What This Means for How You Build
If you are building something that calls an API model for a task like structured output generation, SVG rendering, or other single-shot creative-but-constrained tasks, it is worth benchmarking against local alternatives before assuming the API is the right answer. The economics are different: API calls have per-token costs that compound at scale, while local inference has upfront hardware costs and operational overhead, but marginal cost per inference approaches zero.
The more interesting implication is for the definition of “frontier.” Frontier used to mean the best models from the largest labs, full stop. It is becoming something more like “the best models for tasks that require broad generalization or very long context.” For tasks with a narrower profile, a well-chosen local model running on commodity hardware is increasingly competitive.
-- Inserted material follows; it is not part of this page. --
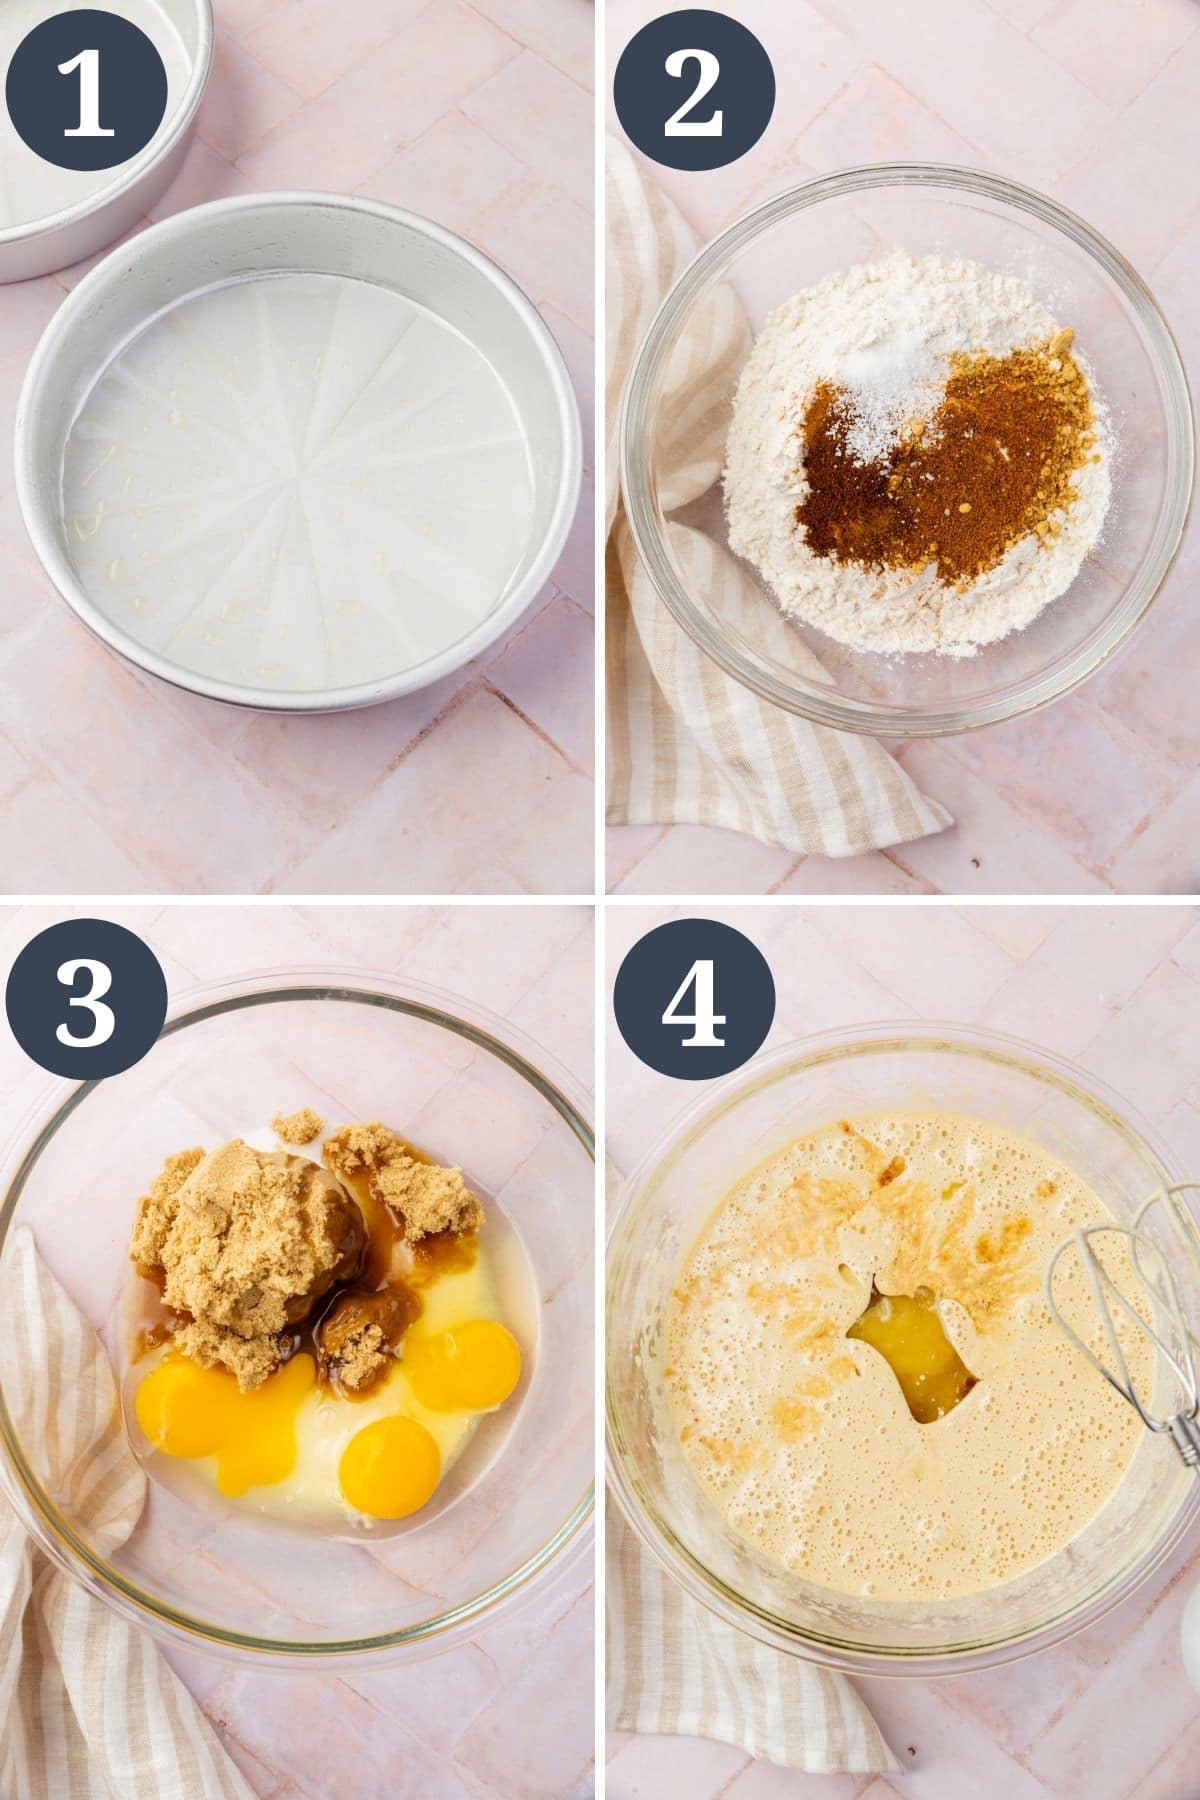 A collage showing the first steps to make carrot cake: line a round baking pan, add dry ingredients to a mixing bowl, add wet ingredients to a mixing bowl, blend wet ingredients with applesauce and oil.

The pelican result is one data point, but it fits a pattern that has been developing across a range of benchmarks and informal tests.
Qwen3’s trajectory in particular is worth watching. The Qwen team at Alibaba has been releasing models at a pace and quality level that consistently surprises, and the 35B-A3B variant represents a real engineering achievement: a model that fits in a practical local inference budget while delivering results that hold up against frontier API offerings on specific tasks.
The gap between what runs on your laptop and what requires a data center is not gone, but it is getting specific enough to navigate. Knowing which tasks fall on which side of that line is becoming a genuinely useful engineering skill.